Since the program’s founding in 2012, 70 students have gone through the full program. Additional students have been exposed to the principles of spiritual caregiving through the academic classes without doing the clinical work.
The program is a two-year course of study that includes required and optional courses. It can be integrated with a master’s in Jewish studies from Schechter or taken independently as a certificate program. Graduates of Marpeh can apply for certification through the Israel Association of Spiritual Care.

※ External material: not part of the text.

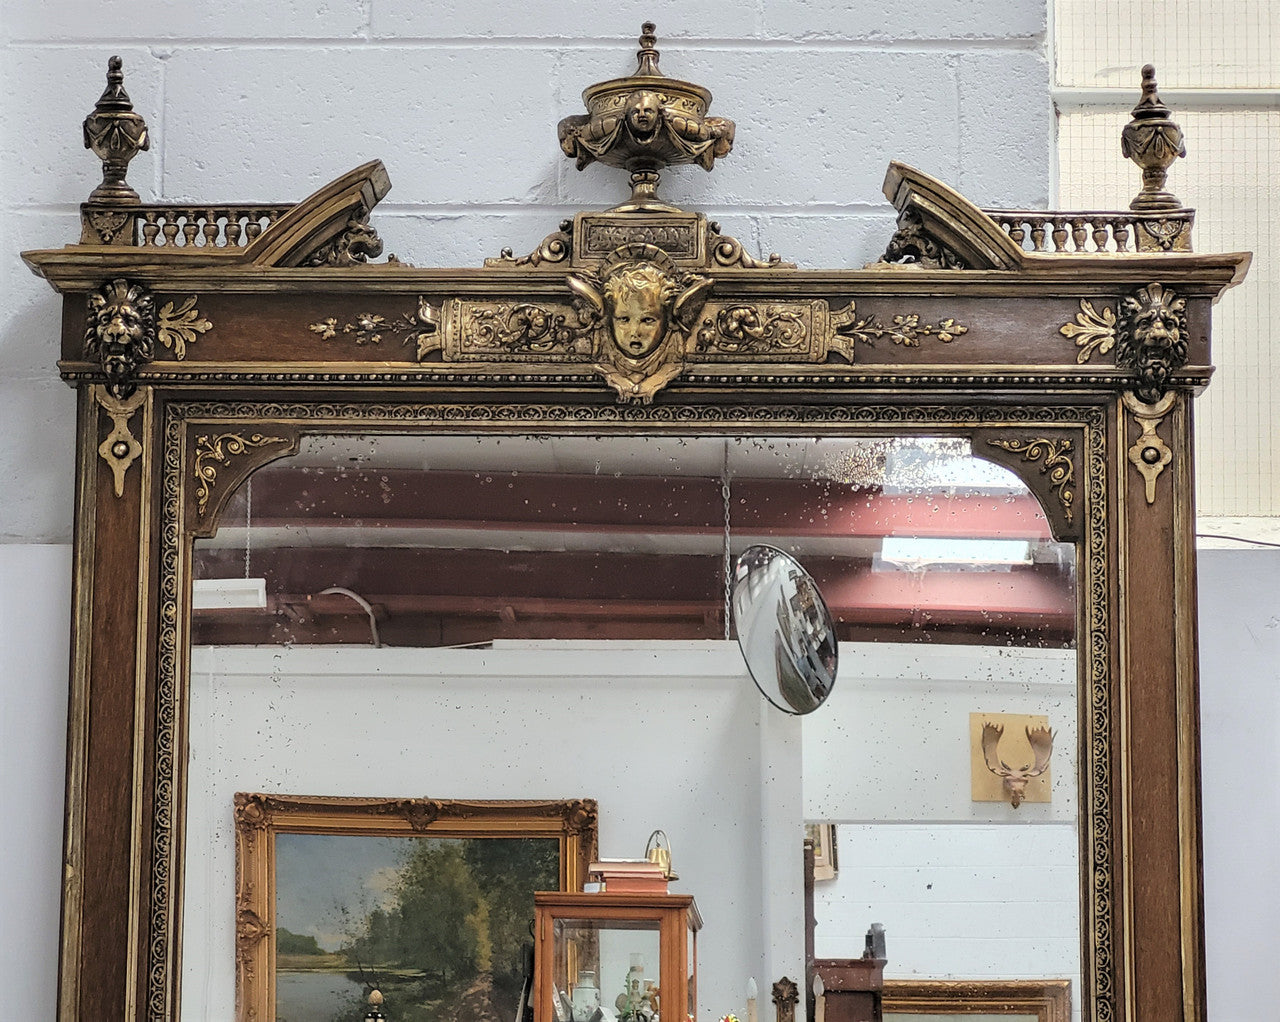 Early 19th Century French gilt and simulated wood mantel mirror. It still contains its original glass which contains loads of character. It is in very good detailed condition and has had minor restorations.

Graduates from other helping professions, such as education or nursing, can include spiritual caregiving as one of many tools in their professional toolbox, or they can be full-time spiritual care providers.
Sperber explained that “the studies are accompanied by a 400-hour clinical practicum done with a mentor who guides you through the process. A great deal of class time is spent processing cases with fellow students.”
At this stage, the Marpeh program is not offered in English, and students need a very high level of Hebrew to deal with the material. In spite of its pluralistic nature, Marpeh attracts a number of haredi students.
“Because Judaism is the basis of our material, they feel more comfortable coming to study with us. Non-Jews usually pick other programs,” Ramon explained.
Ramon believes that “Israel is the perfect place for the growth of the field of spiritual caregiving,” because the pluralistic nature of the field matches the pluralism of Israel society. Spiritual caregiving “really gives room for each theology,” she noted.
Although there are a few other places in Israel where people can train in spiritual caregiving, given its unique features, Ramon believes the Marpeh program is “really paving new roads of this professional training in Israel.”
Reflecting on her long-term goals, Ramon noted, “I want to spread the tools and perceptions of spiritual care, which can be provided by volunteers and family members, not just professionals. Spiritual care is a way of looking at life. What is the existential meaning of our lives and faith? It can be done by anyone.”
“I would love it to spread everywhere,” she concluded.